When furniture, however, is ebonized it is made to assume as intense a black as possible, one uniform dull blackness unrelieved by figuring or visible grain of the wood. In the result it may best be compared to the blackest ebony which has had the grain entirely filled and then polished with oil or wax, that is, if the polish is a comparatively dull one. Strictly speaking, ebonizing implies dull polishing, but it may also include bright black wood.

In the latter case, however, it is usual to specify it so, for otherwise ebonizing is synonymous with dull black. A few years ago black furniture was much more commonly made than now; in fact it was the fashion for cabinet and other drawing-room furniture.

As the amateur may reasonably be supposed not to be influenced by fashion to the same extent as the professional polisher, it will be useful for a few suggestions as to the advantages which may be attributed to ebonized work.

 

Taking appearance first, it may be pointed out that black being neutral does not clash with any coloring of wall-paper, carpets, or ornaments - it harmonizes with anything.

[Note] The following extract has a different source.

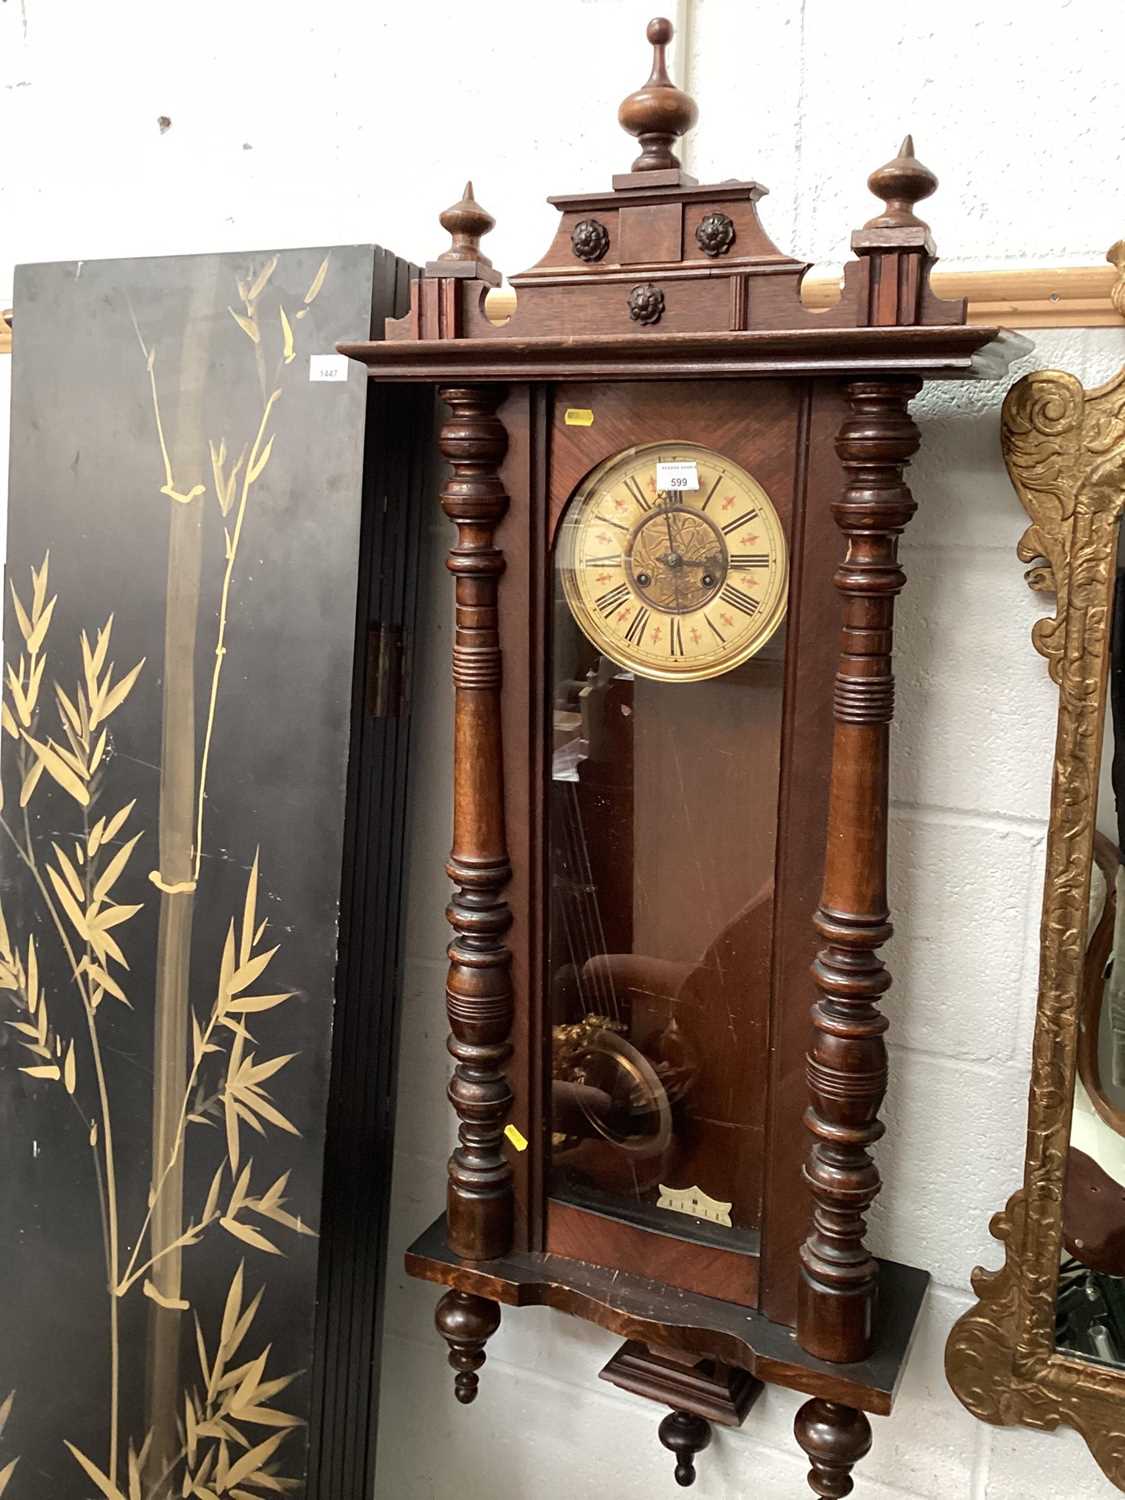 Late 19th century Vienna regulator style wall clock in walnut case

 It is also admirably adapted for displaying ornaments placed on it to the best advantage, and in this respect is unrivalled as a finish for cabinets and those articles of furniture which are hardly complete without odds and ends of china or other ornaments.

Nor is ebonized work without its advantages from the point of view of the maker or manufacturer. For it he can use up his "stainy" pieces of wood, or pieces which though sound enough are from some defect in color or figuring not usable in furniture which is to be polished in its natural color.

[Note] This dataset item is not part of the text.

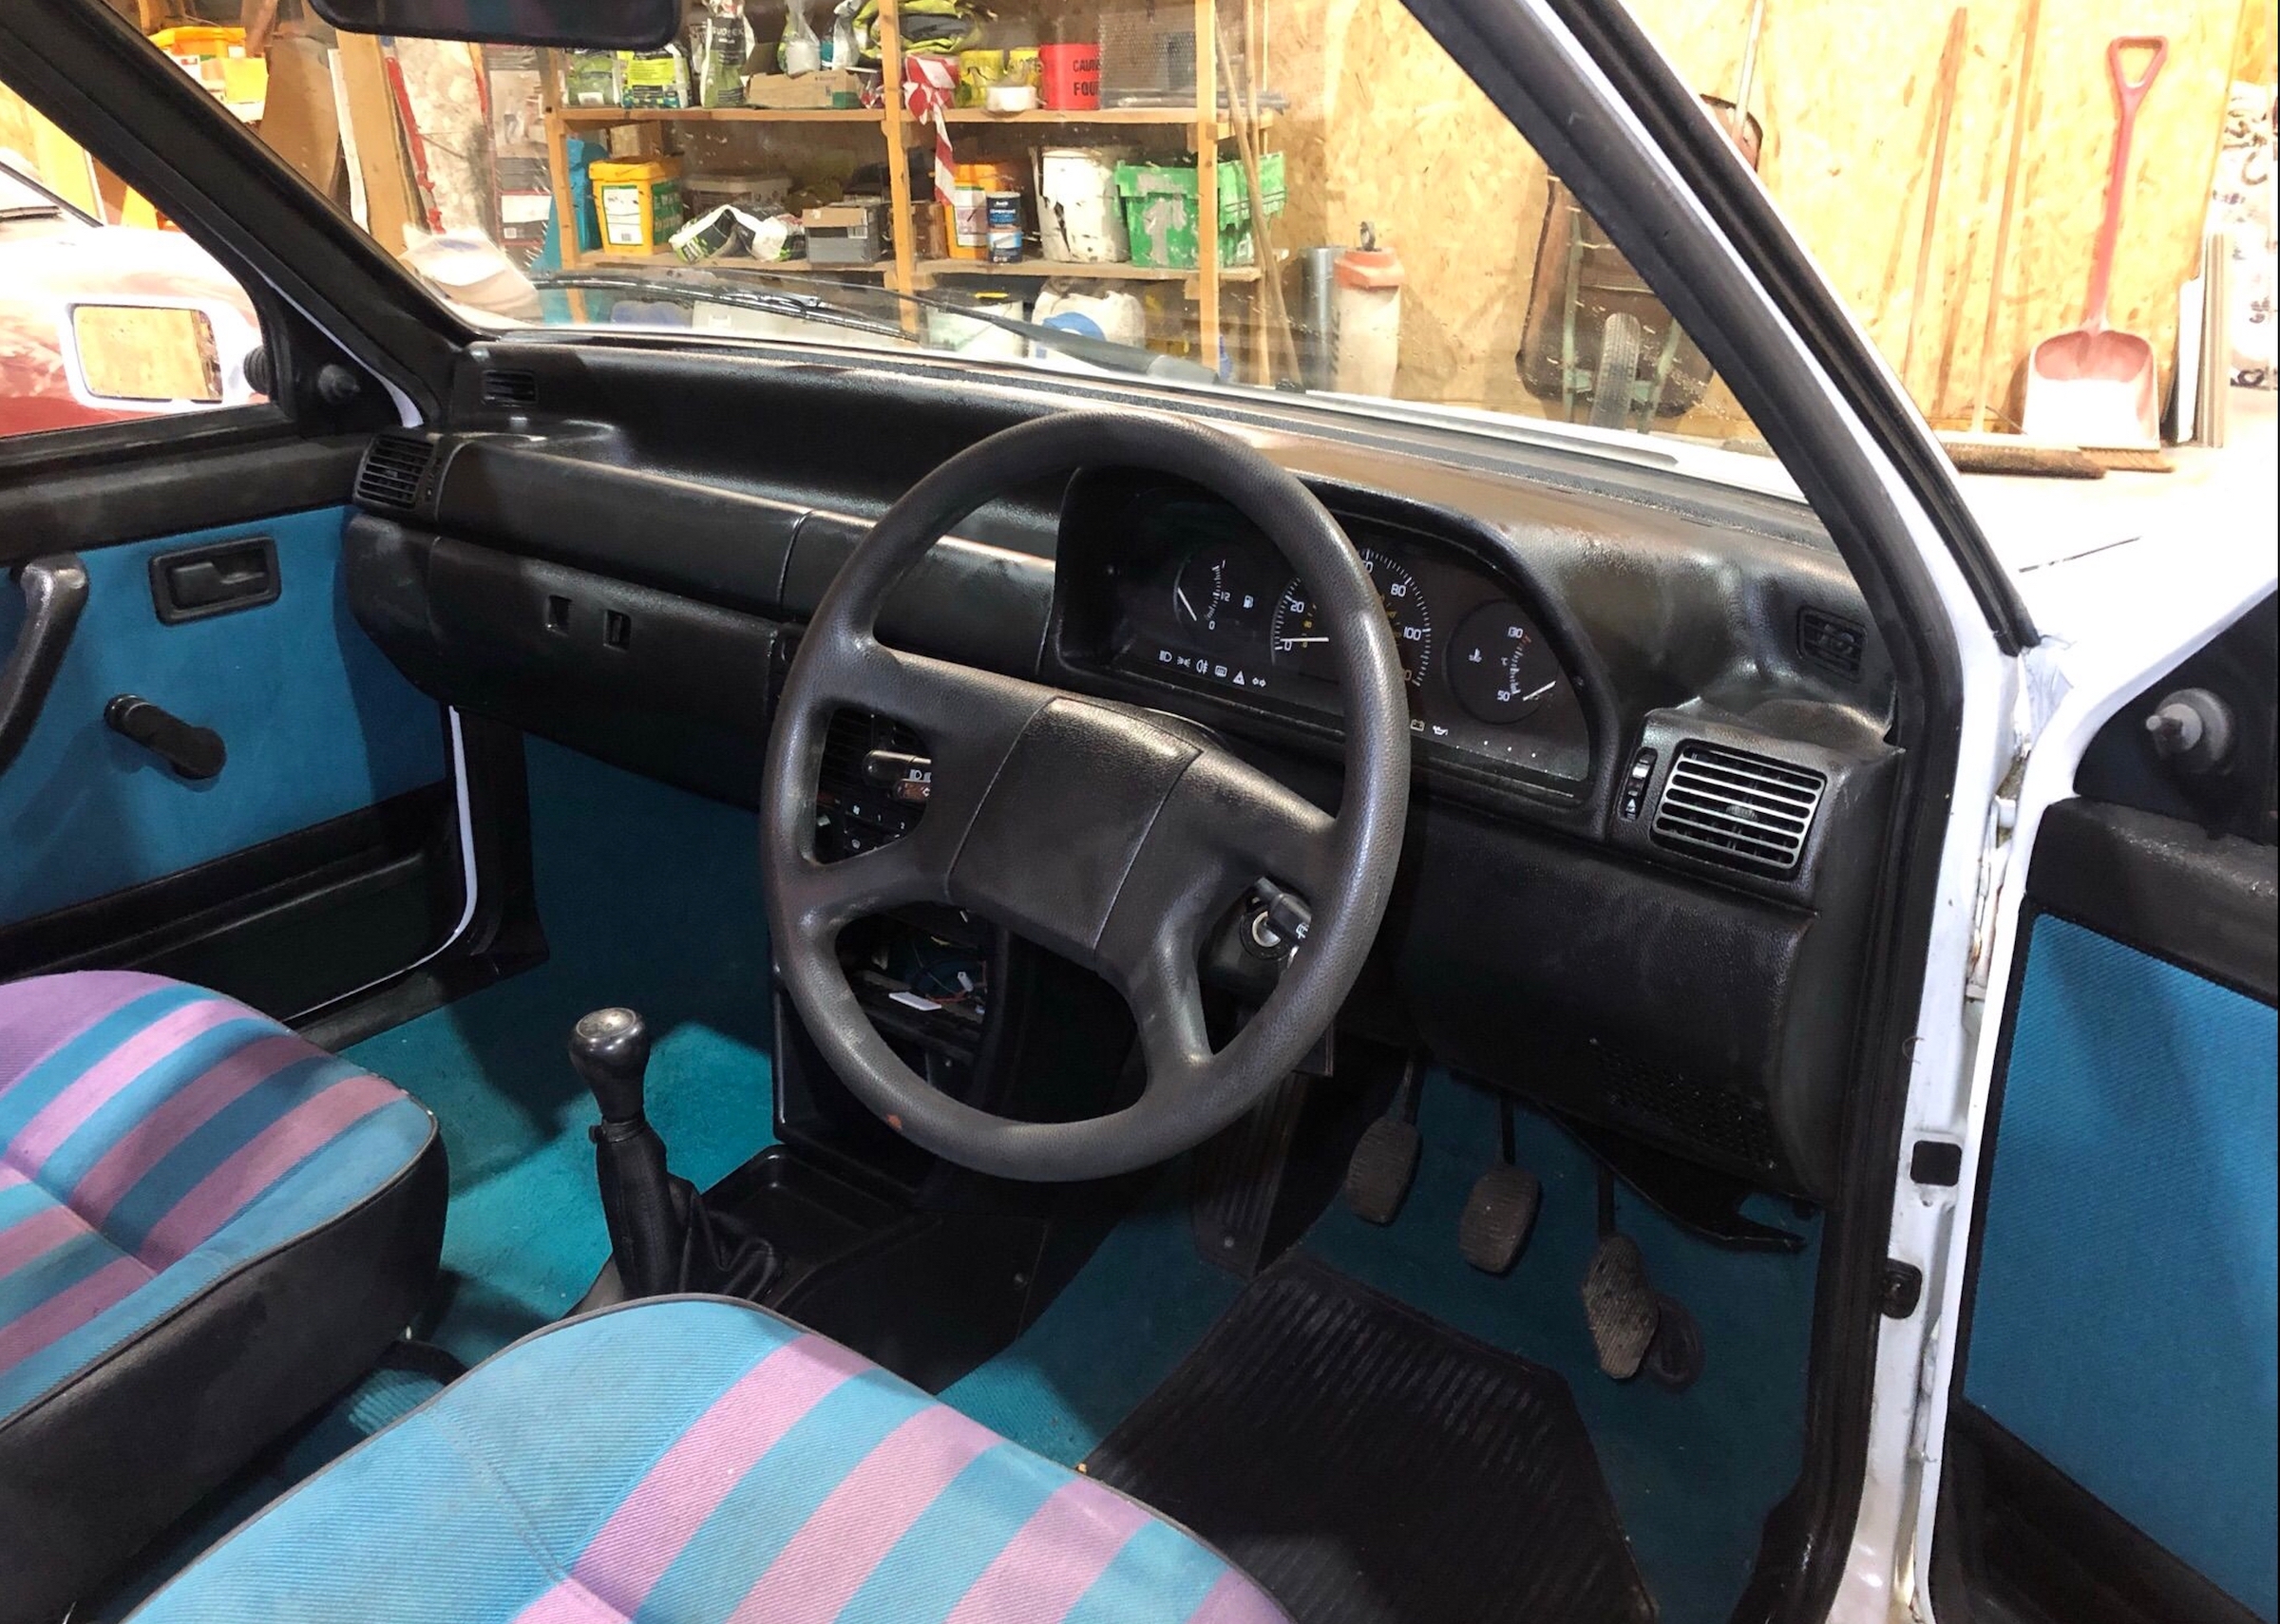 Fiat Uno interior

Then an article need not be made entirely of the same kind of wood, and I do not now refer to those parts which are usually made of pine and are not visible, but to the main portions of the work. Thus the top of a cabinet may be of American walnut or whitewood, while the drawer fronts, doors, or any other portion may be of mahogany.

Of course if the work were being polished in its natural or any other color than black this could not be, for one kind of wood would have to be used throughout. The hint that various woods can be used for ebonized work may be useful not only to the amateur cabinet-maker but to the fret-cutter, by enabling them to use up waste, or what would otherwise be waste bits of timber, by making them up into one article.

As there is apparently a vast amount of misconception among amateurs as to what woods are suitable, or what is the best for ebonizing, a few words of explanation may be given. As a matter of fact, any wood may be stained black or ebonized, but the coarser kind, such as ash, oak, and similarly open-ground woods, are not as suitable for the purpose as others. To ebonize a choice timber, such as satinwood or valuable mahogany, would be of course absurd, as a cheaper one will do equally well.

In ordinary practice the woods most generally ebonized is cheap mahogany - cheap because it is plain, not because it is unsound - American walnut, American whitewood, and beech. It may be said that pine is not a good wood for ebonizing, and that it is seldom used for the purpose. American whitewood is hardly more costly and answers better. Even pine may be ebonized, but it rarely looks well, and is never used for good ebonized furniture.

It does not pay to ebonize pine, for the labor in getting a good appearance on it is as costly as the use of some more suitable wood. American whitewood, which is not so easily dented as pine, is unobjectionable; but for ordinary purposes there is perhaps no more suitable wood for ebonizing than cheap mahogany, of the kind known as Honduras or baywood. It is less costly than American walnut, and is, moreover, a nice, easily workable wood, and readily obtainable.

On the whole, ebonized work requires much the same treatment as when French polished in the usual way, but is generally considered more difficult, and perhaps rightly, though there is very little difference in this respect.

As with other preparations used by the polisher, the black stain may either be prepared by the user or be bought ready made. It is, however, one of those which it is better to buy and should only be made by those who cannot obtain it otherwise, as for some unexplained reason the quality sold is generally better than the home-made article turns out to be in most cases. It can always be got from the same places as French polishing materials.